─── Information shown

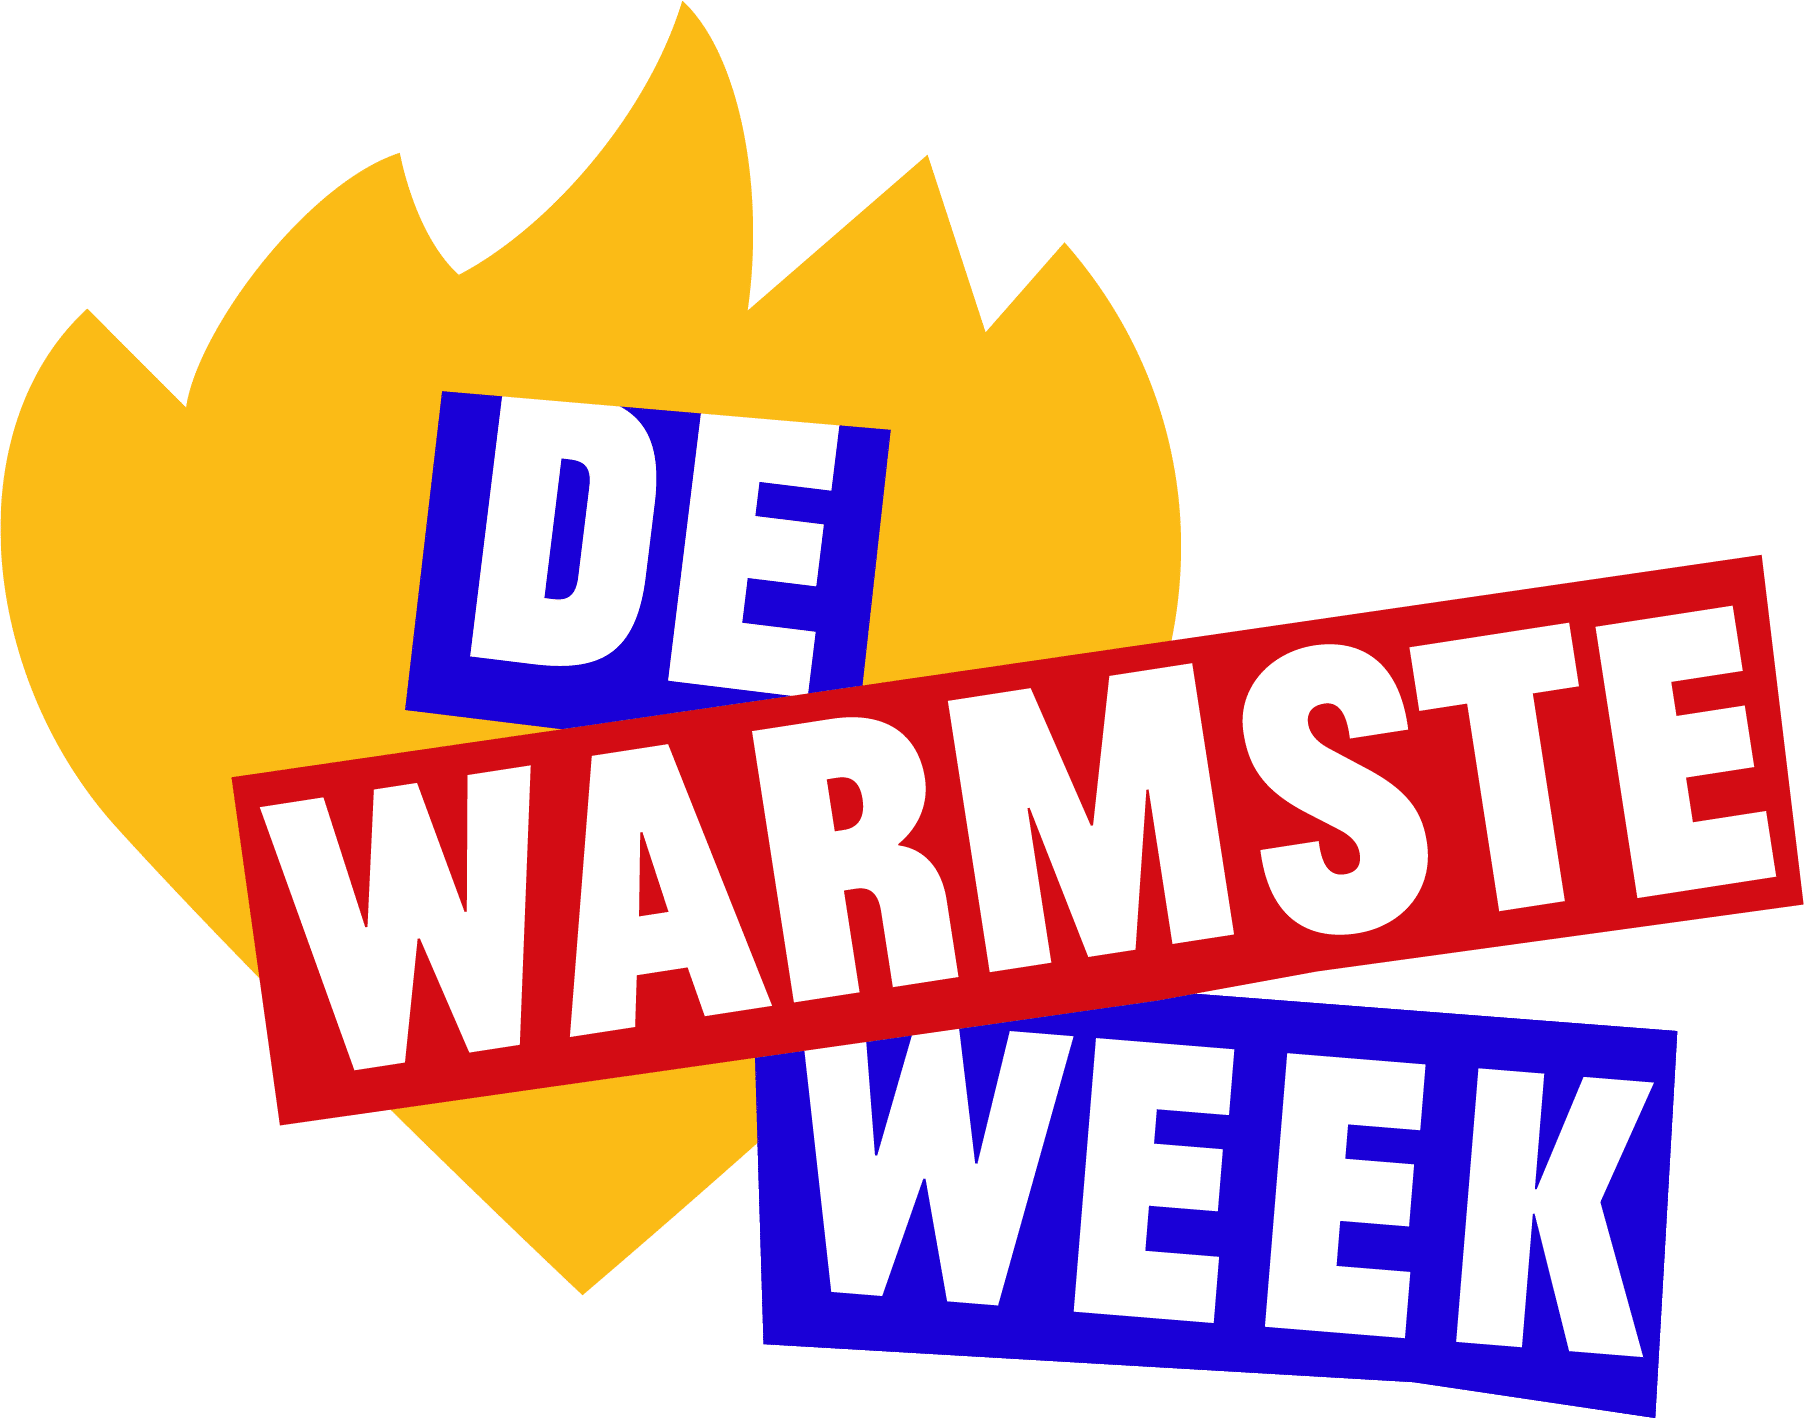 logo warmste week
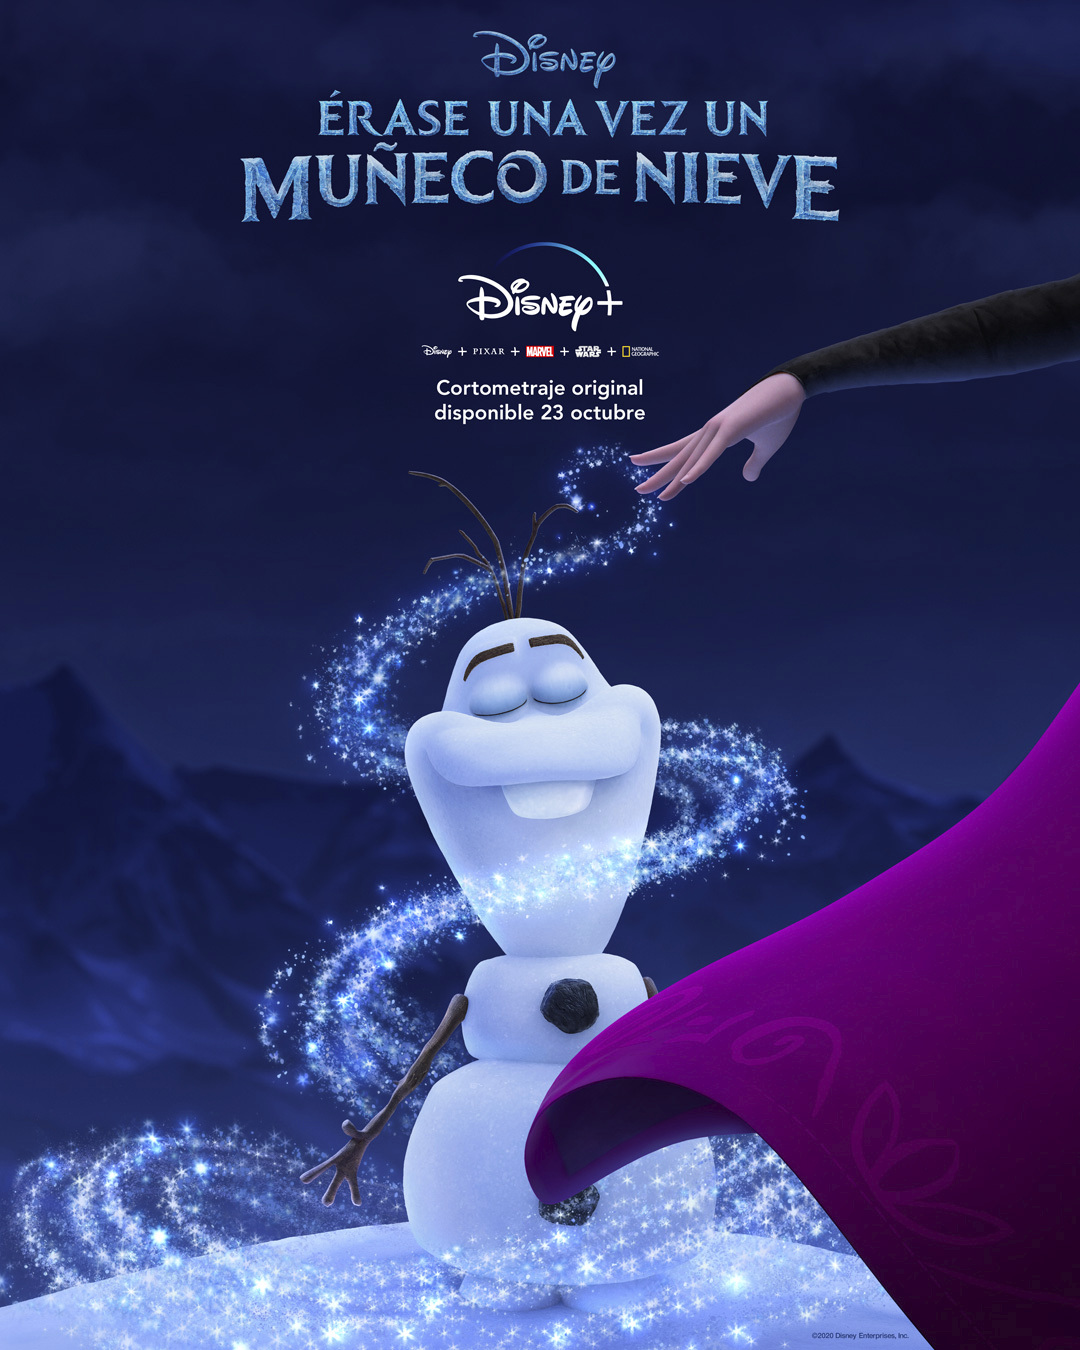 Conoce los orígenes de Olaf en 'Érase una vez un muñeco de Nieve'
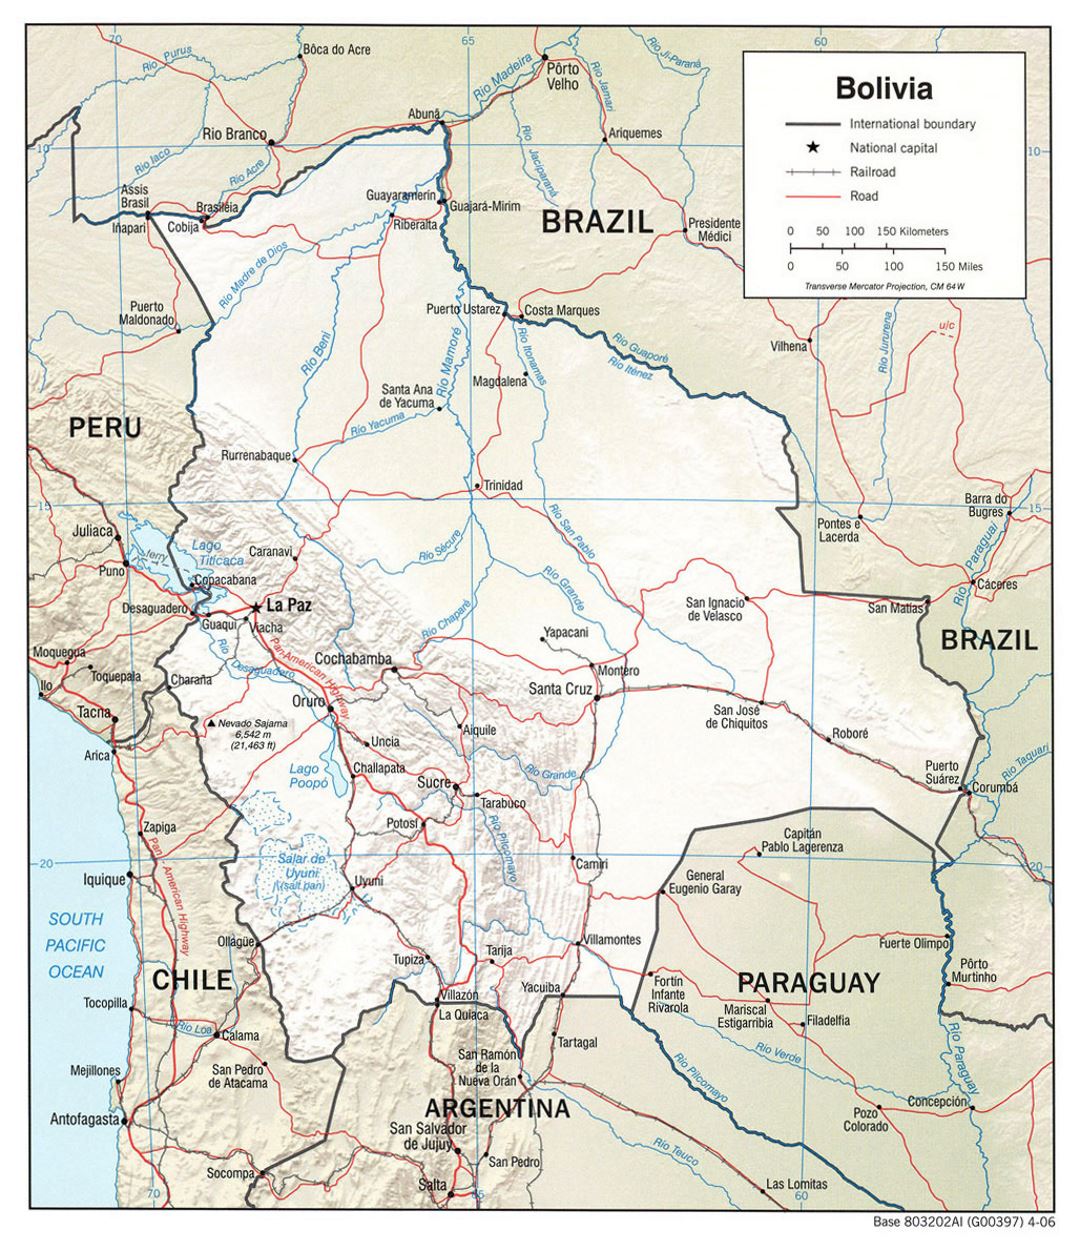 Grande mapa político de Bolivia con socorro, carreteras y grandes ciudades - 2006
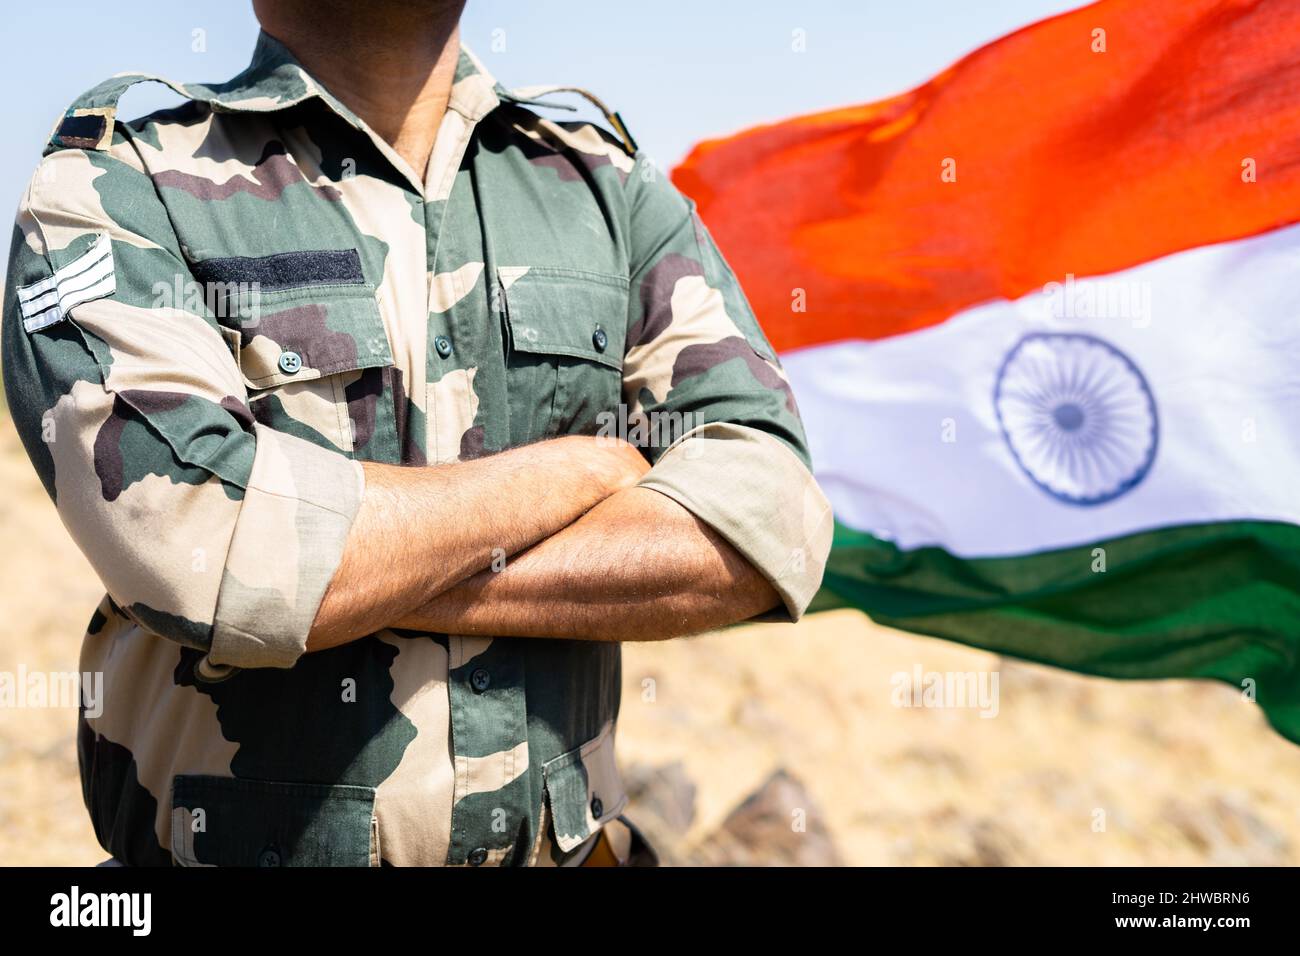 Soldat indien debout avec les armes croisées devant le drapeau indien - concept de soldat confiant, intrépide et de fierté Banque D'Images

──────

[What you need to do]: Every line from the one with "Grande mapa político" through the end of the material above should be restated word for word, with the pictures left out.

[Written answer]:
 Grande mapa político de Bolivia con socorro, carreteras y grandes ciudades - 2006
 Soldat indien debout avec les armes croisées devant le drapeau indien - concept de soldat confiant, intrépide et de fierté Banque D'Images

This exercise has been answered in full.